An encyclopedia is made up of articles. Each article covers one subject — China, Napoleon, music, insects, eighteenth century science and so on. It gives the most important facts and ideas in the space allowed.
The purpose of the encyclopedia is not to tell you everything. To the contrary, its purpose is to save you time, space and money. So it tells you only the most important things. Pliny, for example, took the facts he found in 2000 books and put them in the 37 books of his Natural History.
An encyclopedia can take different forms. It may all be between two covers in one volume – a desk encyclopedia. It may have many volumes or it may even be on the Web. There is no telling what form it may take a century from now.
Right now in the English-speaking world the two most important encyclopedias are the Encyclopaedia Britannica and the Wikipedia.

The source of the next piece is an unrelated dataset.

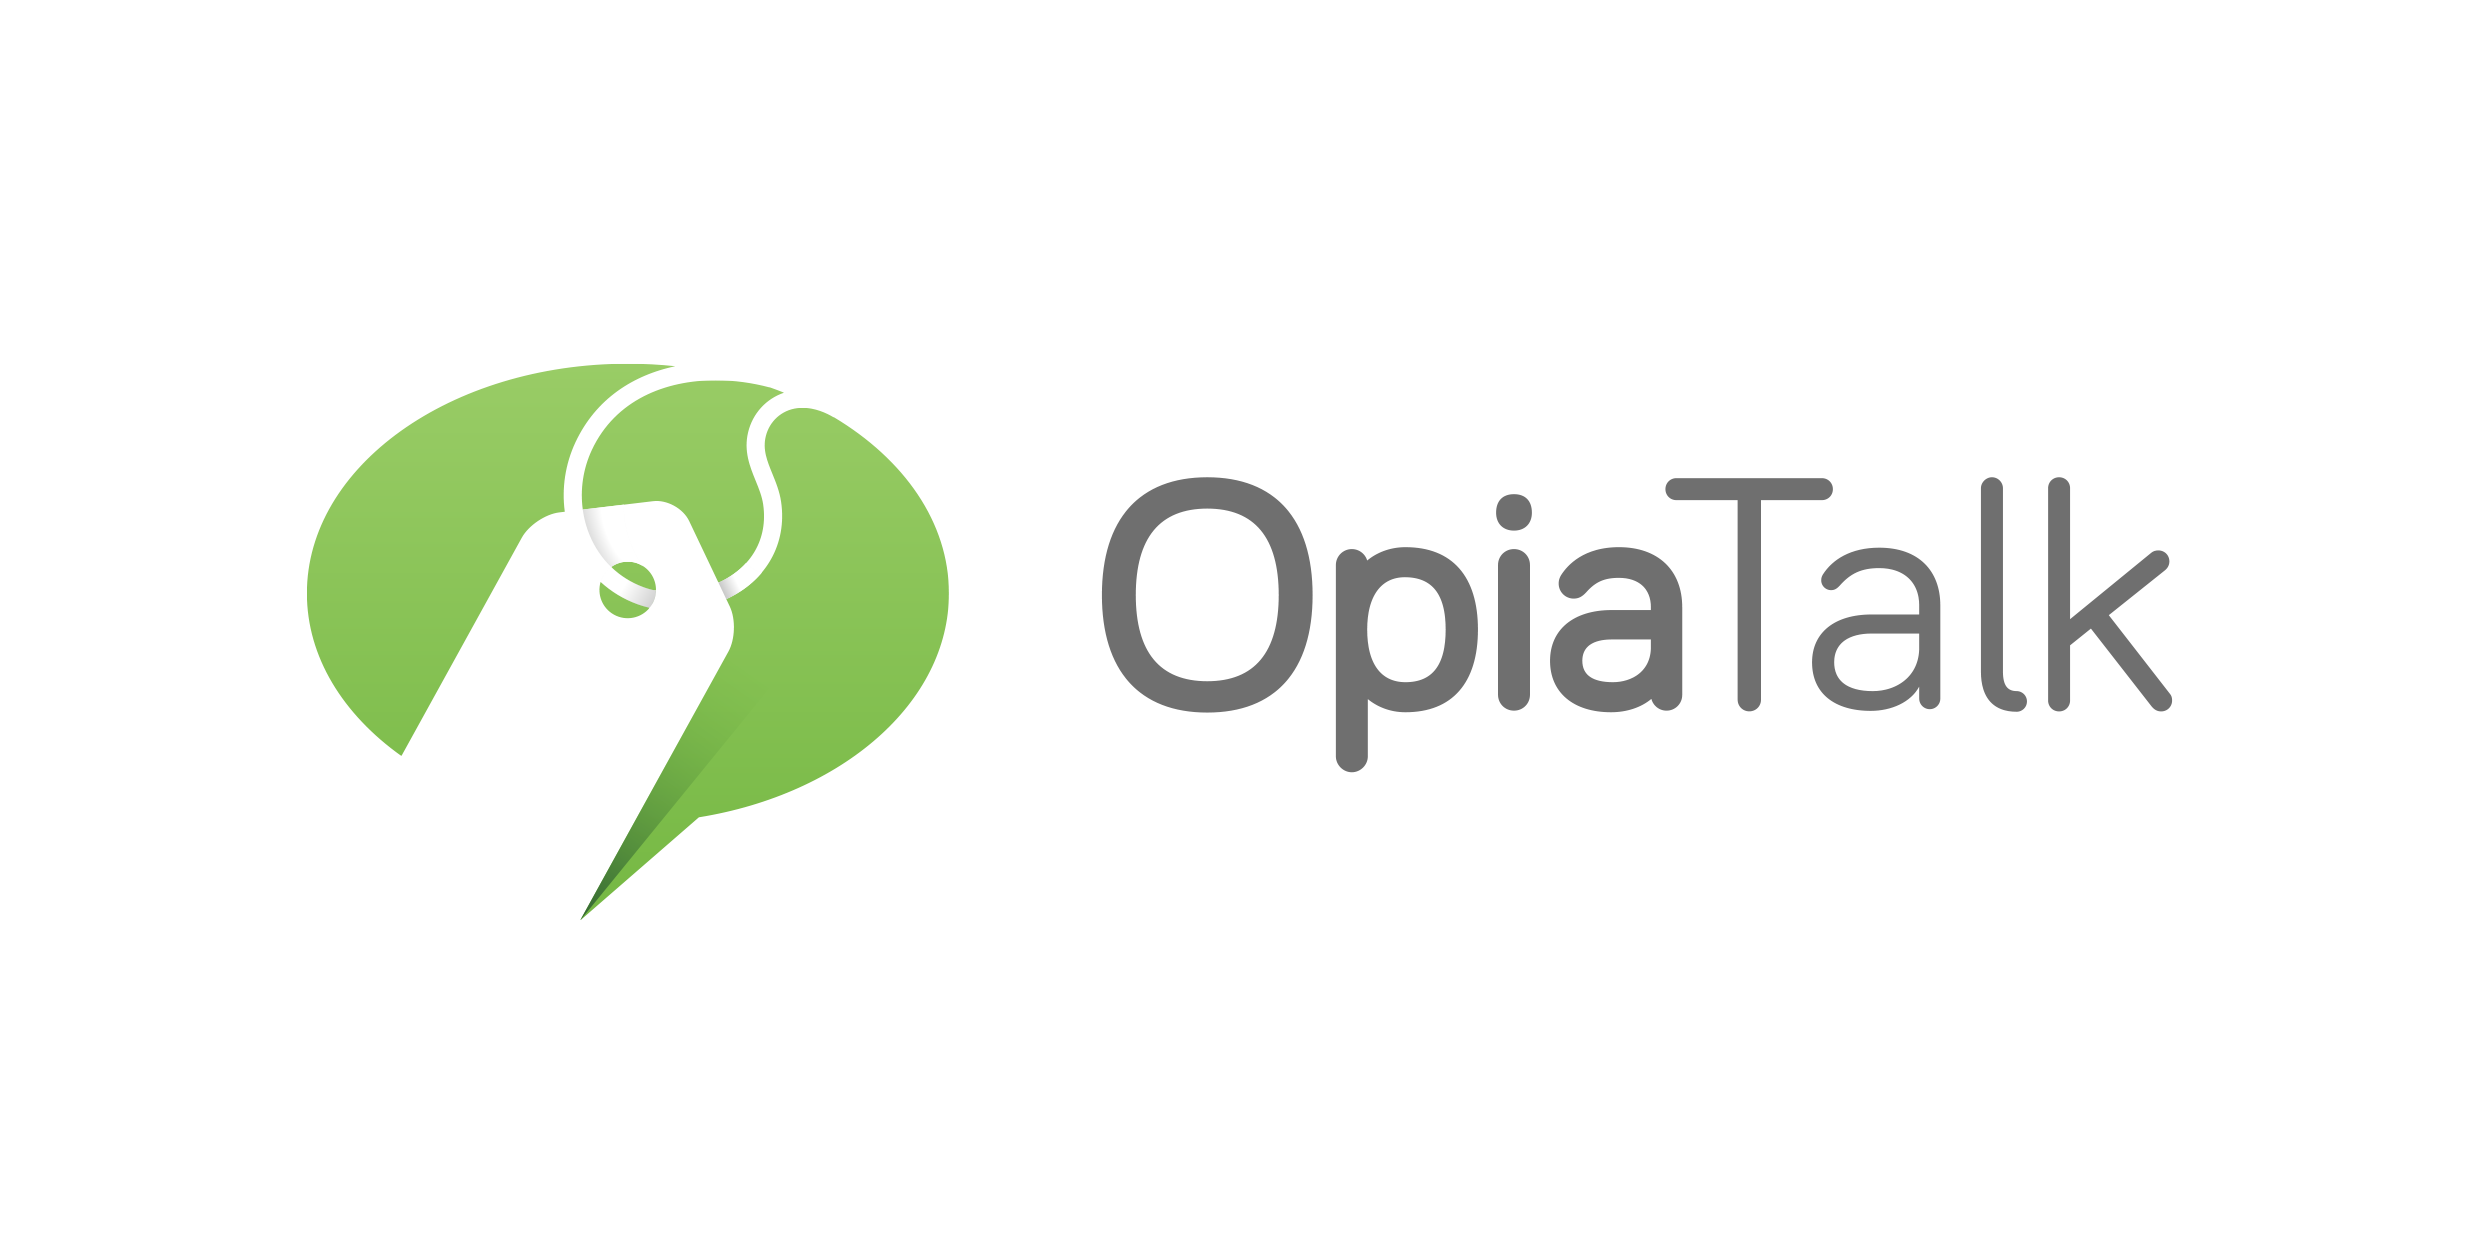 http://pressreleaseheadlines.com/wp-content/Cimy_User_Extra_Fields/OpiaTalk/OpiaTalk-logo.png
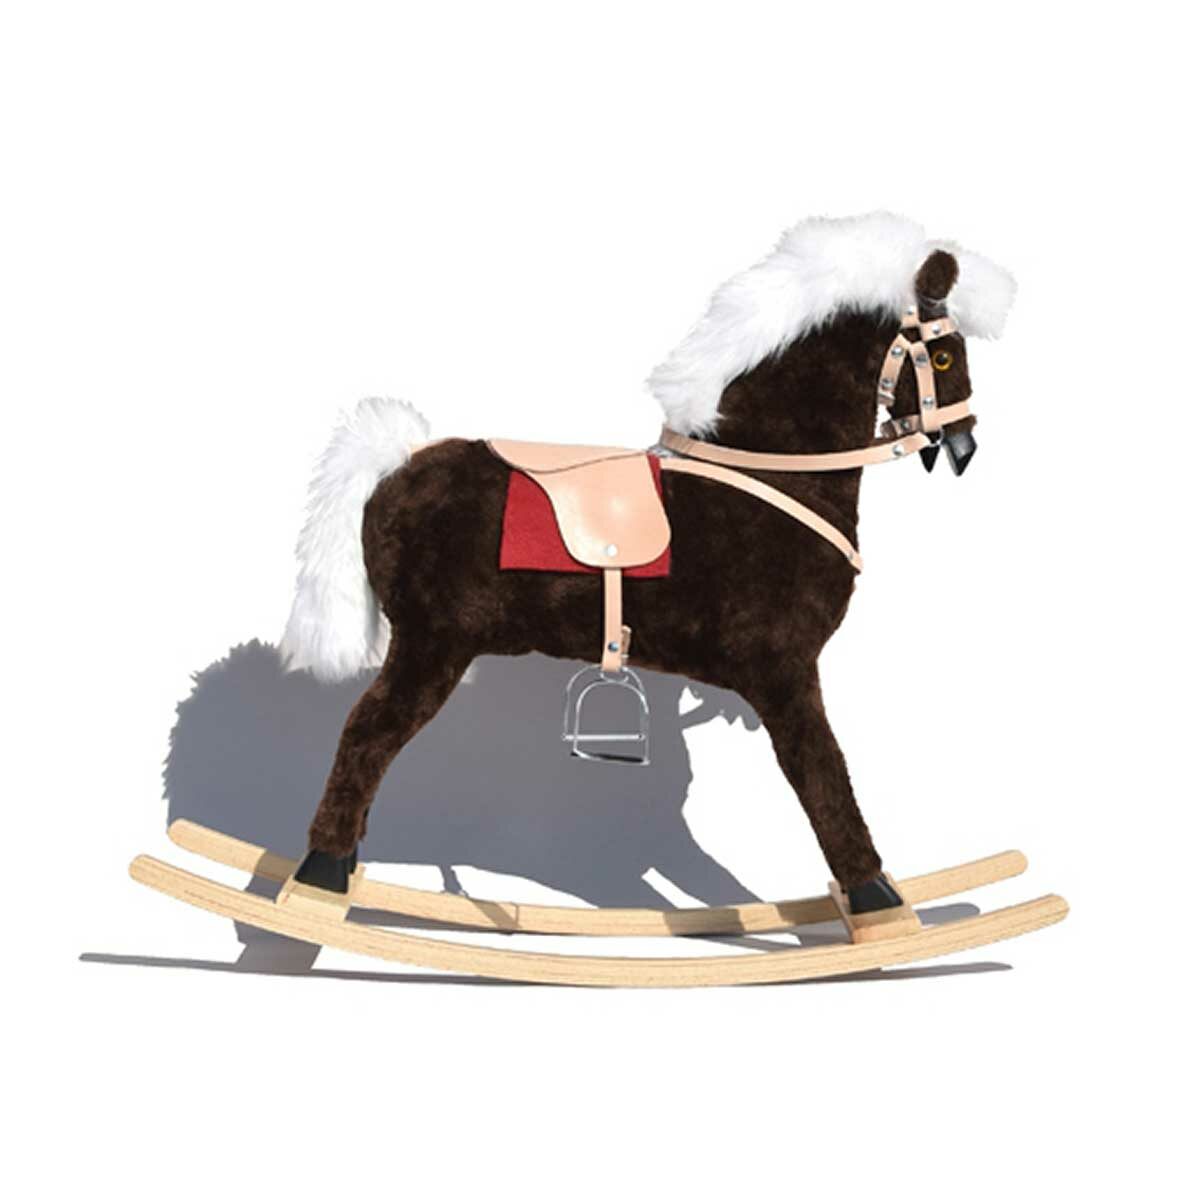 GLORIOSA rocking horse with leather saddle

The Britannica is very serious and very trustworthy but online it is not free and not easy to use. It is a good example of how shovelware does not work. But before the Web came along, nothing was better.
The Wikipedia is the opposite: it is on the Web – it was born there – it is very easy to use (when its computers are not overworked), but it is not entirely trustworthy and not always serious. It is a good example of how not having a real editor does not work. But nothing on the Web is better.
The encyclopedia and the Web are a match made in heaven. The Web has three things an encyclopedia needs that print cannot give it:
- Search engines make finding an article faster.
- Links make going to a related article faster.
- It is easy to keep content current, which means what you read is not ten years old.
The Web makes everything about an encyclopedia faster. That makes it easier to use and means the content can be better.
But there is more: an online encyclopedia can be far larger than one in print. The Wikipedia is already far too large for anyone to print the whole thing. This is in part because it is easier to use, so it can be larger, and in part because the Web is a much cheaper medium than print.
But wait, we said the purpose of an encyclopedia was to save us time, space and money. Like with Pliny boiling down all those books into his Natural History. What about that? Yes, that is just it: a web encyclopedia done right will let us go just as deep into any subject as we wish.